• _Data provided_:
-*-
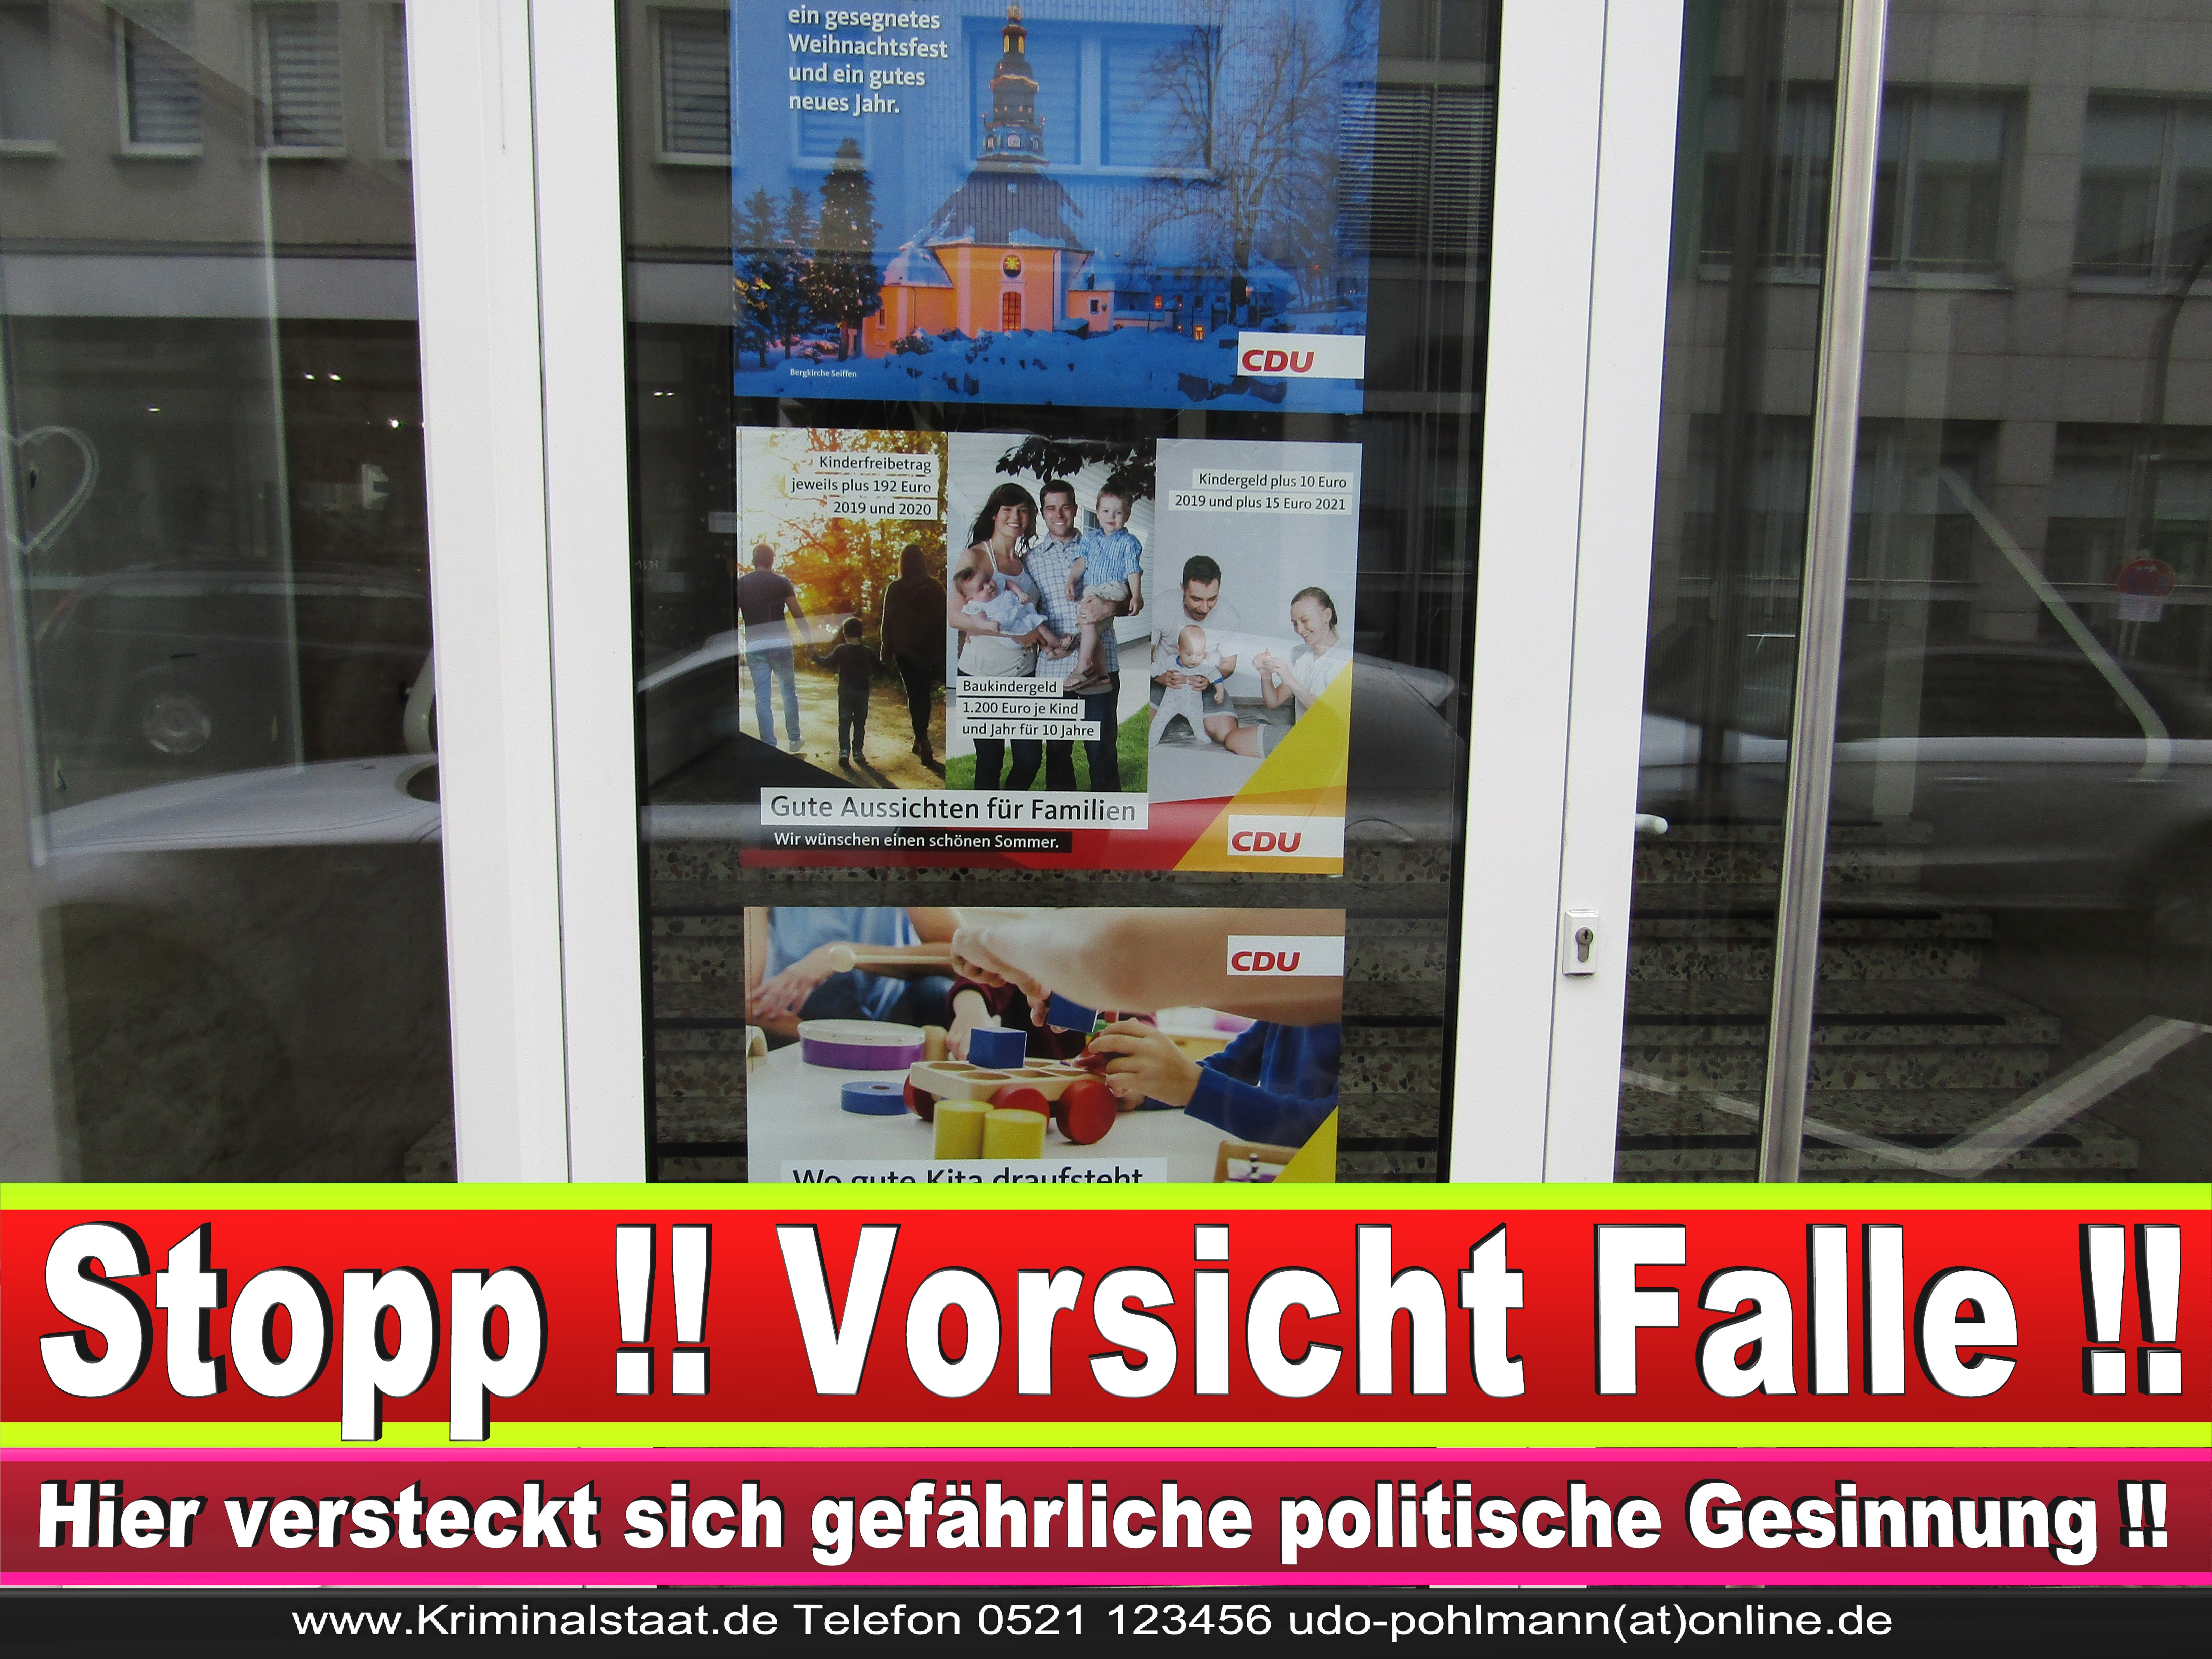 CDU DORTMUND KREISVERBAND BüRGERBüRO CDU FRAKTION ORTSVERBAND CDU NRW GESCHäFTSSTELLE ADRESSE RATSMITGLIEDER CDU (1) 1
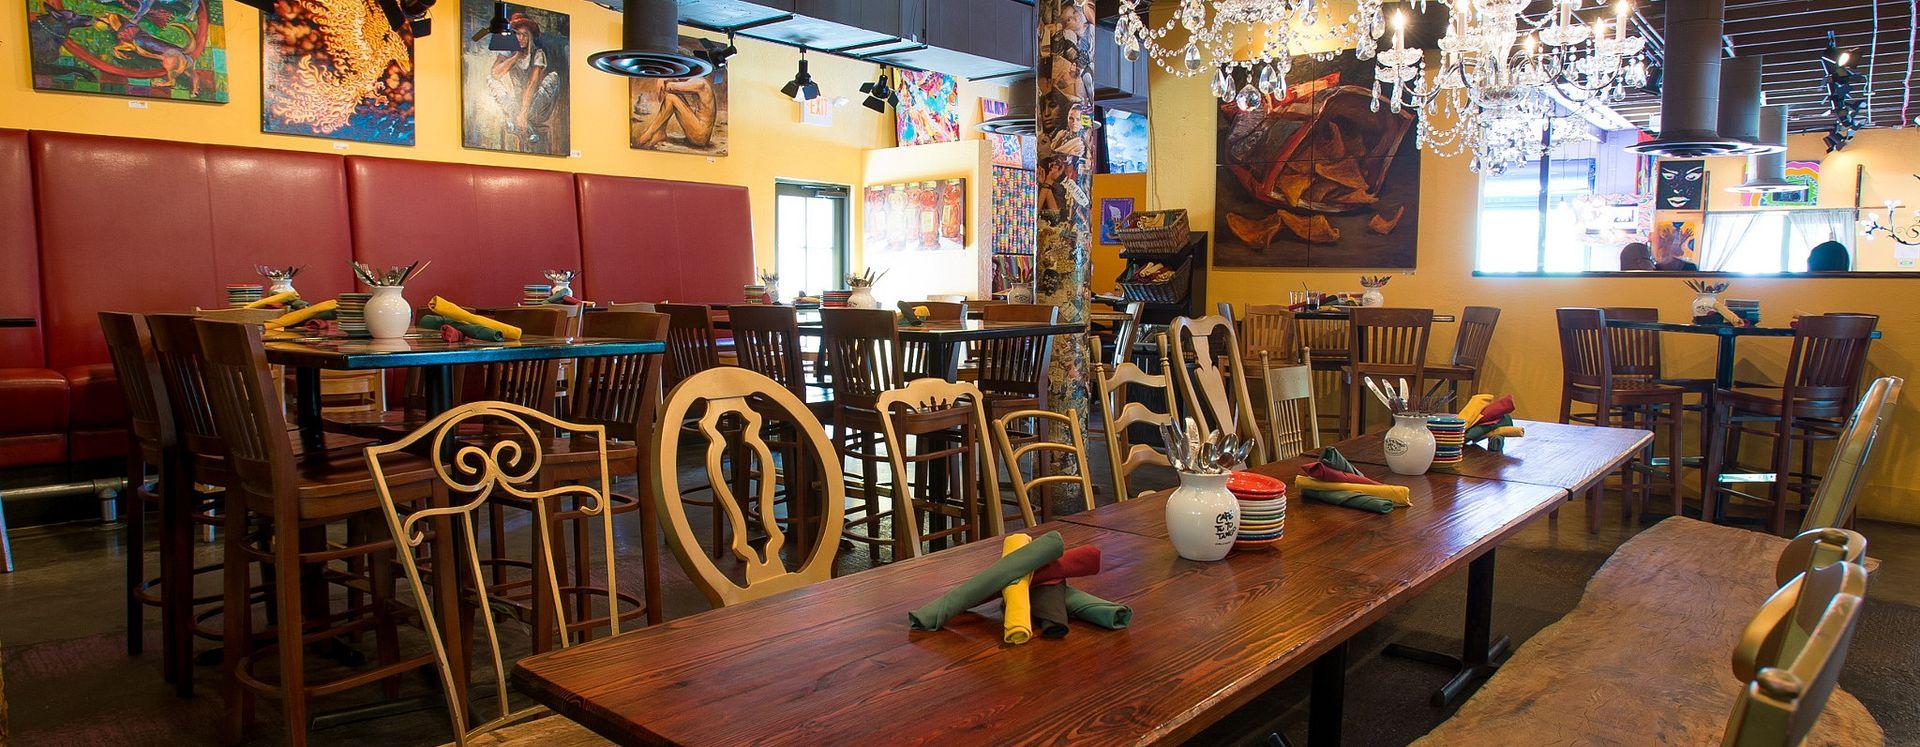 Interior seating area of Cafe Tu Tu Tango
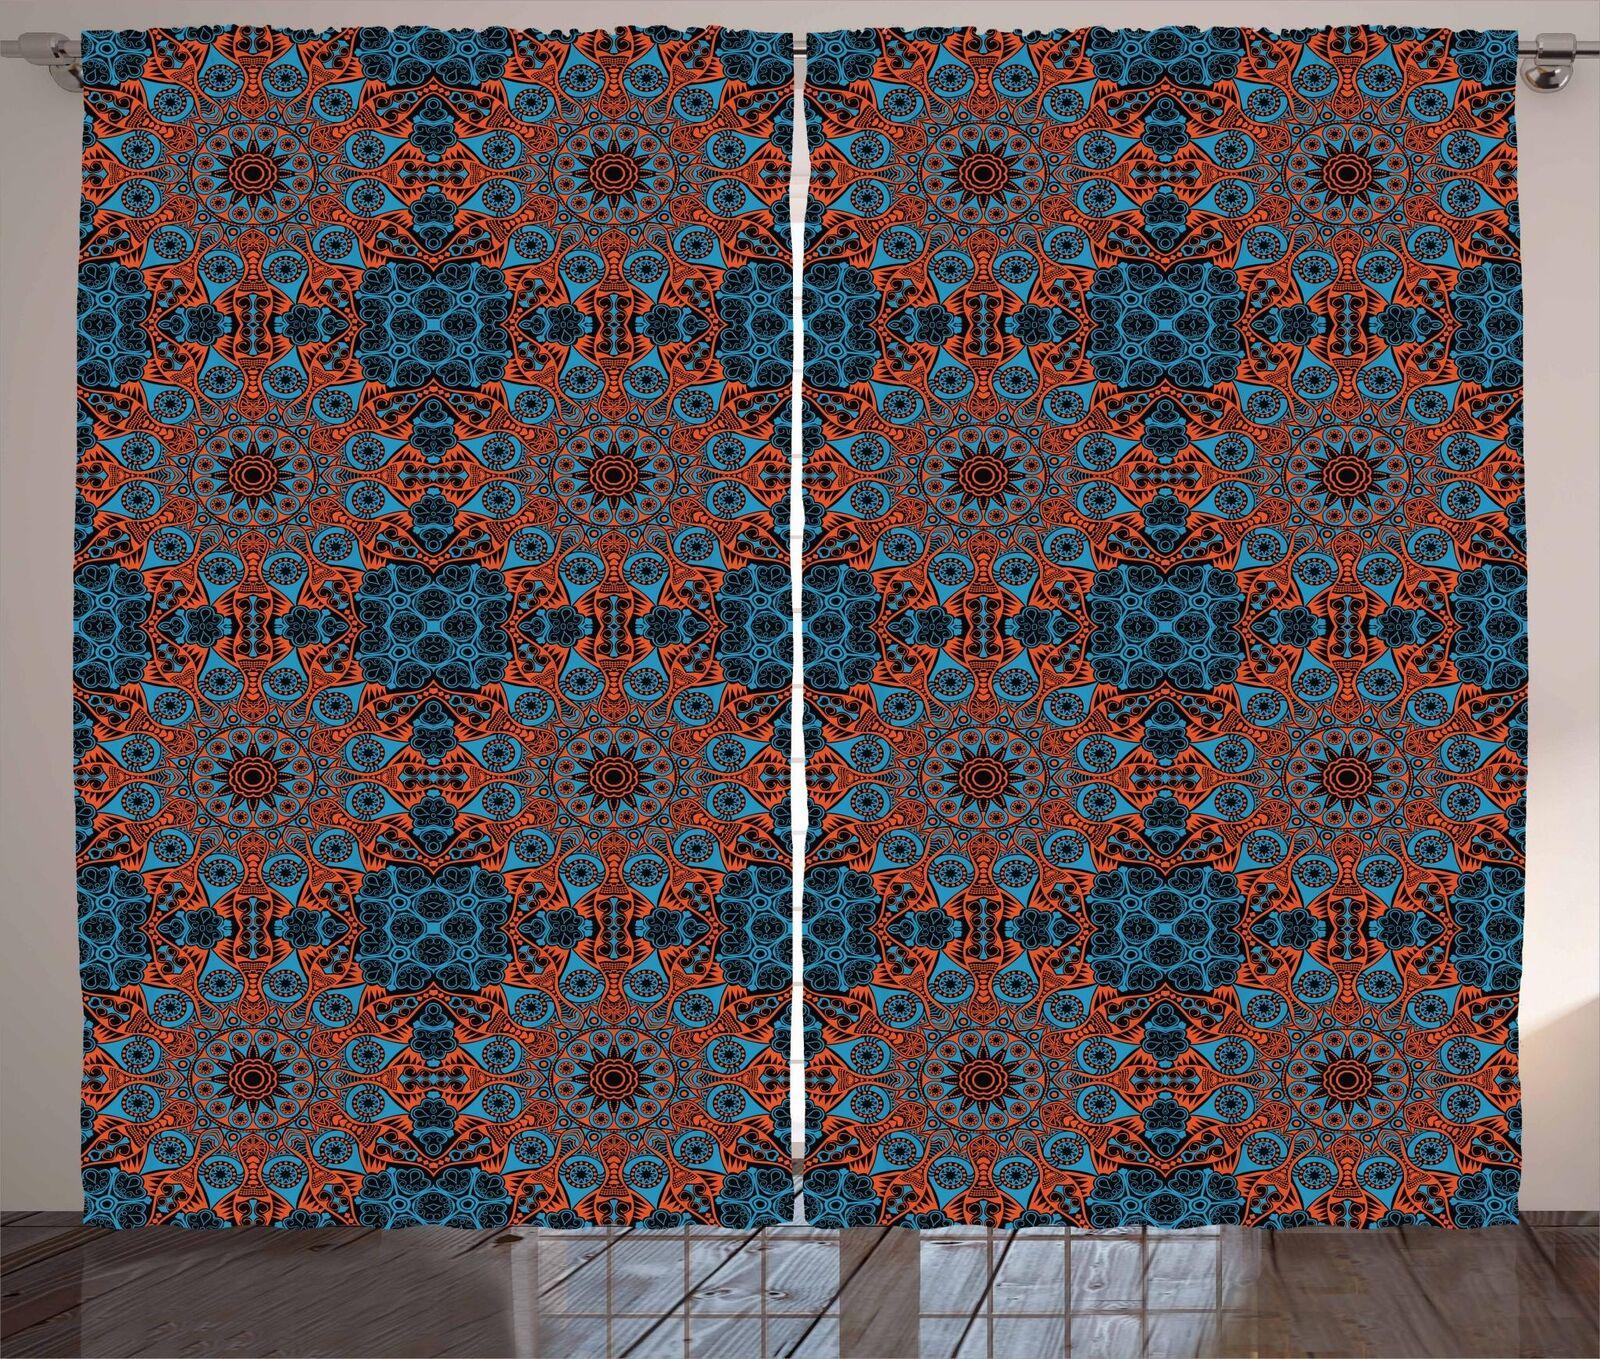 Arabesque Mandala Curtains 2 Panel Set Decoration 5 Dimensiones Window Drapes
-*-
Only the pictures may be dropped when you copy the data above; everything else stays exact.

• _Task solution_:
 CDU DORTMUND KREISVERBAND BüRGERBüRO CDU FRAKTION ORTSVERBAND CDU NRW GESCHäFTSSTELLE ADRESSE RATSMITGLIEDER CDU (1) 1
 Interior seating area of Cafe Tu Tu Tango
 Arabesque Mandala Curtains 2 Panel Set Decoration 5 Dimensiones Window Drapes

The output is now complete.